Уроки некромантии для чайников

- -
- 100%
- +

Воздух в низких комнатах скромного дома на самой окраине Арвендейла был густым и многослойным. Верхние, самые заметные ноты — острый запах ладана, тщетно пытавшегося замаскировать более глубокие ароматы. Под ним проступал сладковатый, тяжёлый запах увядания — стояла ваза с полевыми цветами, собранными отцом за пять дней до того, теперь поникшими и ронявшими лепестки на полированный дуб столика. И самый фундаментальный, базовый слой — запах земли, корней, засушенных трав и старой бумаги. Этот запах жил в стенах, пропитал деревянные полки, въелся в одежду. Запах жизни Элиаса Торнли, ботаника, естествоиспытателя и мечтателя. Теперь эта жизнь, выдохнувшись, оставила после себя лишь холодное, неподвижное тело на узкой кровати у окна, да этот стойкий, неистребимый аромат его страсти.
Лира не отрывала взгляда от профиля отца, резко очерченного на фоне серого полотна неба за свинцовыми стеклами. Его лицо, обычно оживлённое искрой любопытства или мягкой улыбкой, казалось высеченным из бледного воска. Рядом, на табурете, стоял глиняный горшок с ночной фиалкой — последним его «пациентом». Он выходил её, вернул к цветению, когда все, включая продавца, считали растение потерянным. «Смотри, дочка, — говорил он, показывая на появившийся робкий бутон, — она просто боялась. Всё живое иногда боится. Нужно лишь понять, чего именно, и дать ему этого чуть-чуть меньше, а чего-то другого — чуть-чуть больше».

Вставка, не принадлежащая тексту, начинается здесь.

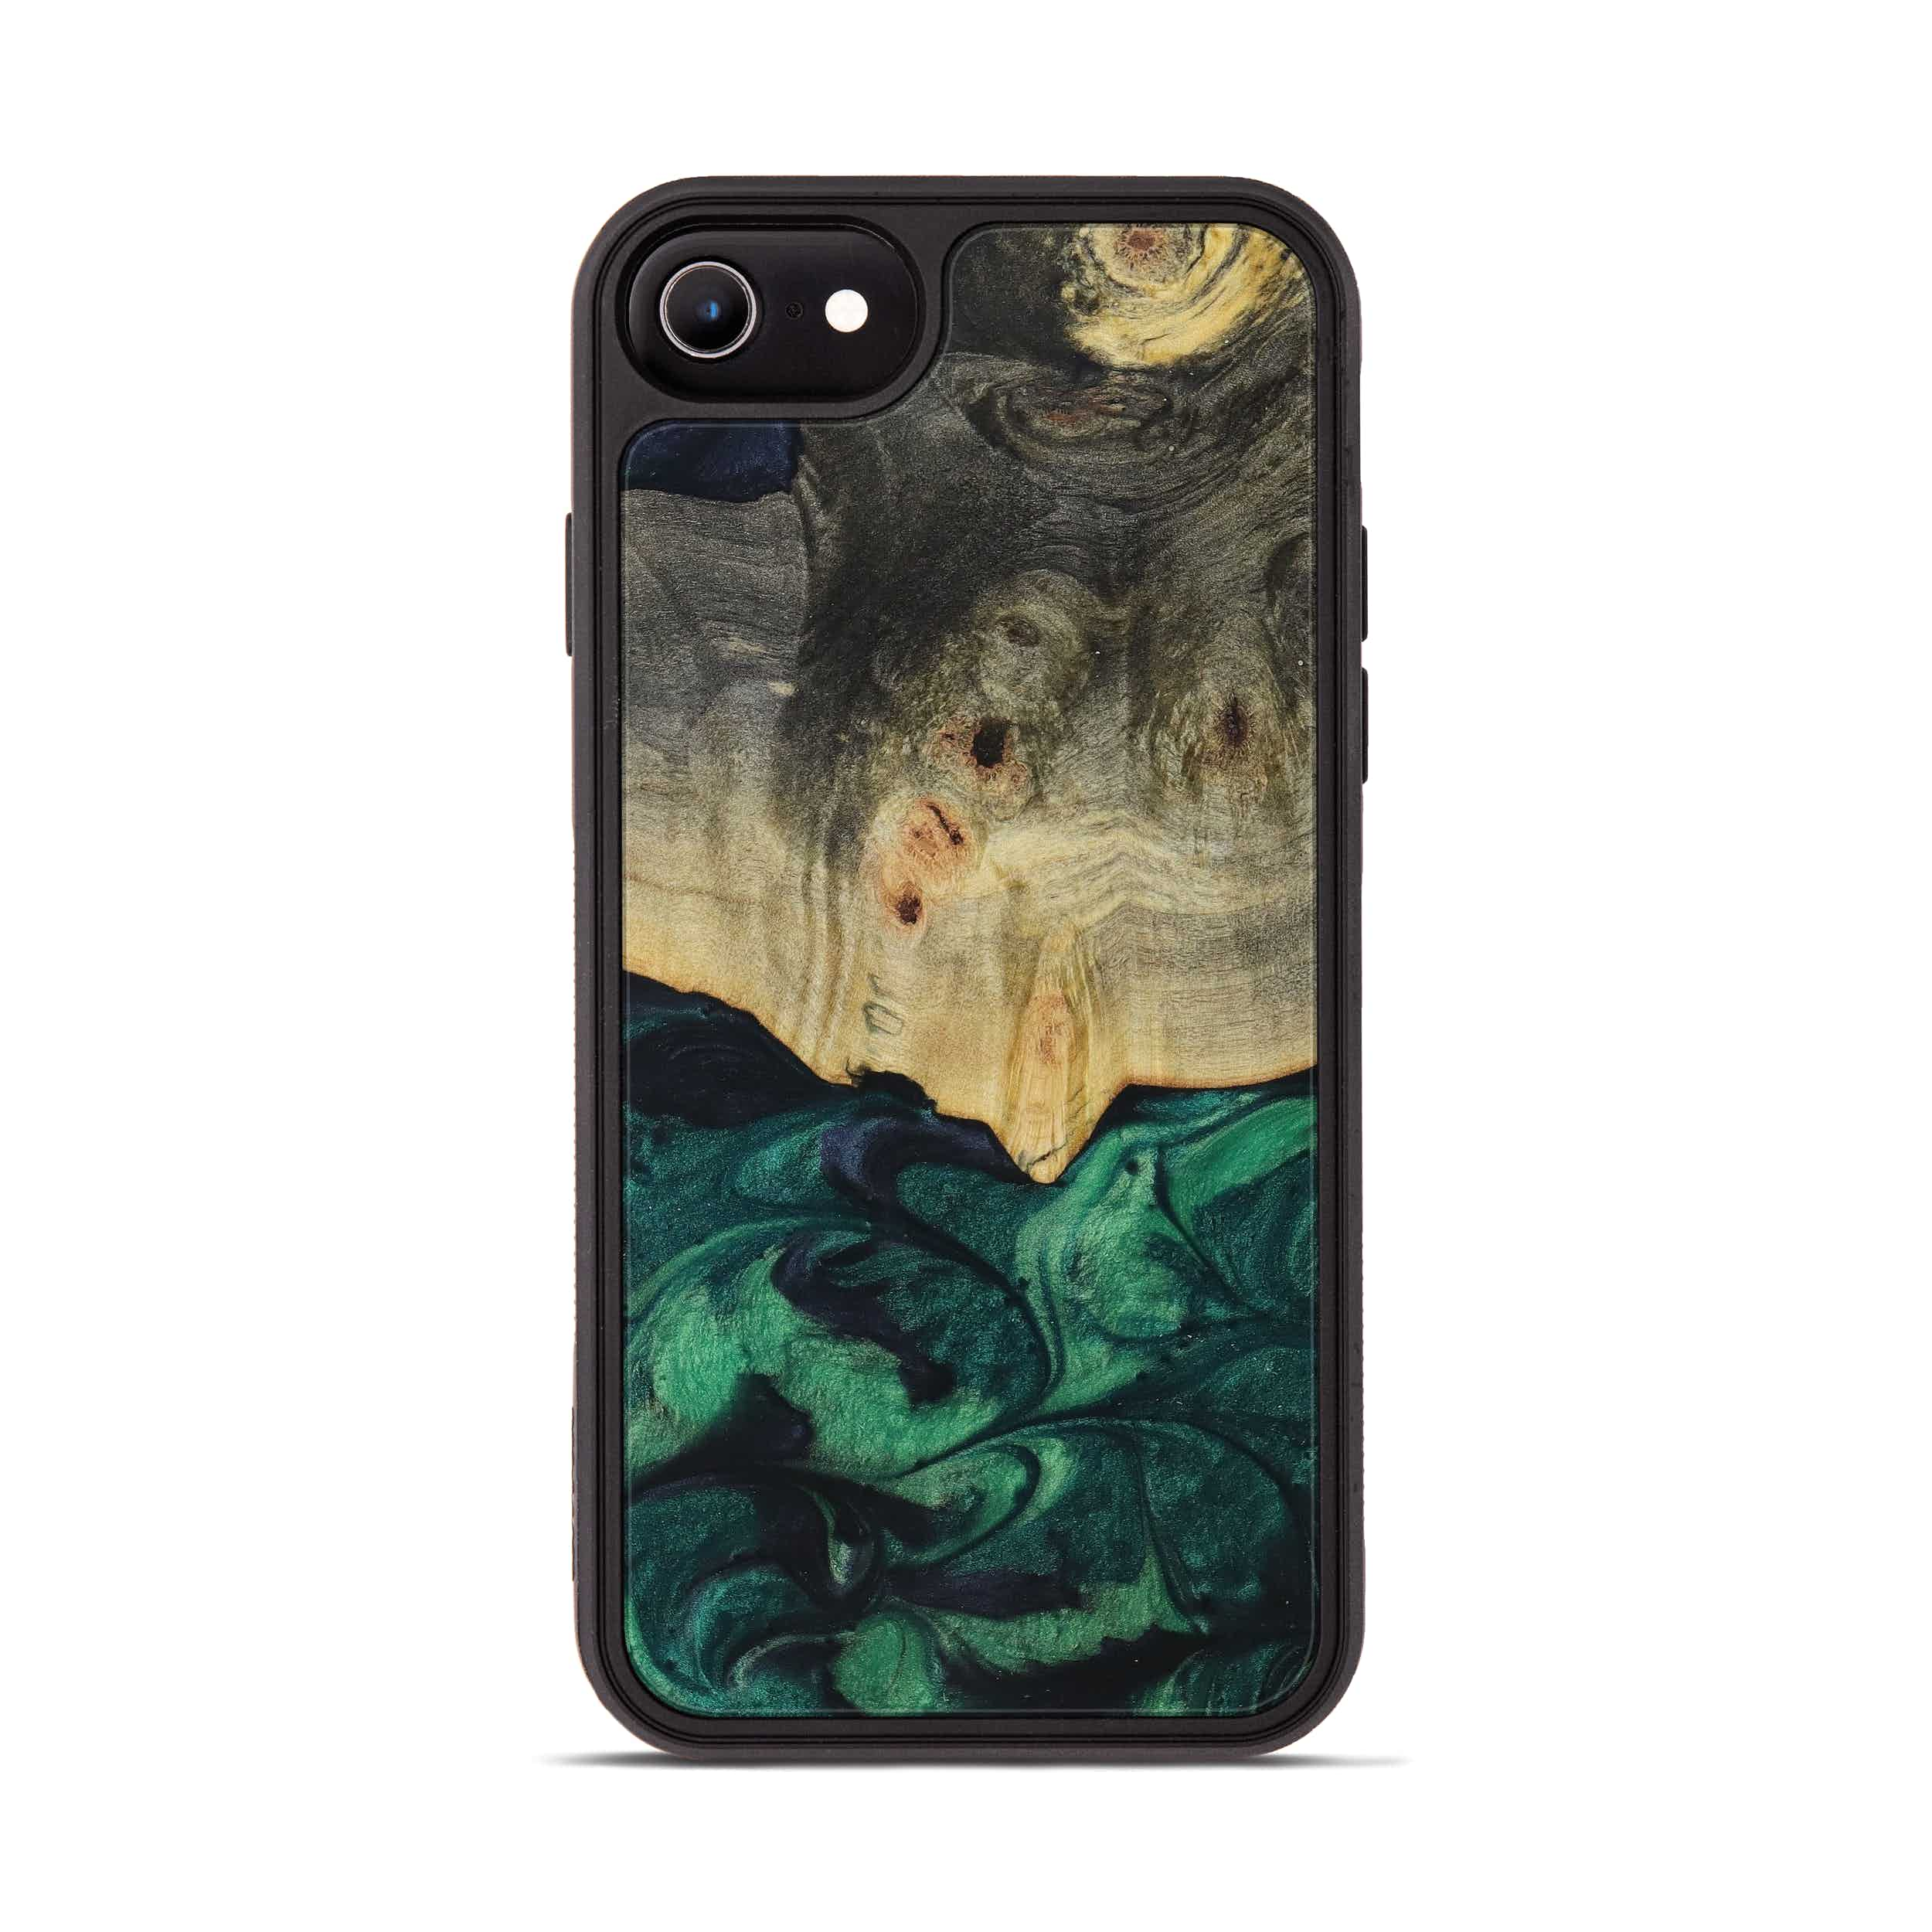 iPhone 8 Wood+Resin Phone Case - Ivo (Dark Green, 394669)

Теперь он сам стал тем, кто больше ничего не боялся и ничего не хотел. Лира, стоя на коленях на грубом половике, сжимала его руку. Руку, которая могла с хирургической точностью привить почку к дичку и с бесконечной нежностью поправить прядь волос на её лбу. Теперь она была холодной, тяжелой, чужой. Чувство утраты было таким физическим, таким плотным, что его можно было потрогать. Оно сдавливало горло, лежало свинцовой плитой на груди. Слёз не было. Они, казалось, испарились ещё в ту долгую ночь бдения, когда его дыхание превратилось в хриплый, прерывистый звук, а потом и вовсе смолкло. Осталась только эта пустынная, выжженная тишина внутри, где ещё эхом отзывались его последние, вымученные шёпоты.
«Не дай саду засохнуть… в тени…» Он говорил обрывками, его сознание уже путешествовало где-то среди корней и мицелия. «Семена… семена прорастают даже под снегом. Ищи… ищи свет не над, а внутри почвы. Он всегда там…»
Он всегда изъяснялся подобными метафорами, её отец. Для него весь мир был единым, живым организмом, гигантским растением, где города — это грибницы, реки — соки, а люди — может быть, мимолётные цветы или упрямые сорняки. Он учил её читать не книги по этикету, а «книгу коры» на деревьях, «книгу облаков» в небе и самую важную — «книгу земли» под ногами. Эта наука казалась бесценной. До сегодняшнего дня.
Хруст шагов на каменных плитах прихожей заставил её вздрогнуть. Шаги были чёткими, отмеренными, лишёнными той лёгкой неуклюжести, с которой всегда ступал отец, погружённый в свои мысли. В дверном проёме, заполнив его собой, как холодной тучей, возникла Илдиса.
Её чёрное платье было не просто траурным; оно было доспехом, выкованным из бархата и неприязни. Ткань не шуршала, а скрипела, словно ледяная корка. Лицо, когда-то может быть и привлекательное, теперь было застывшей маской с тонкими, плотно сжатыми губами и глазами цвета зимней сланцевой скалы. В её руке она сжимала не носовой платок, а пачку счетов, подвязанных грубой бечёвкой.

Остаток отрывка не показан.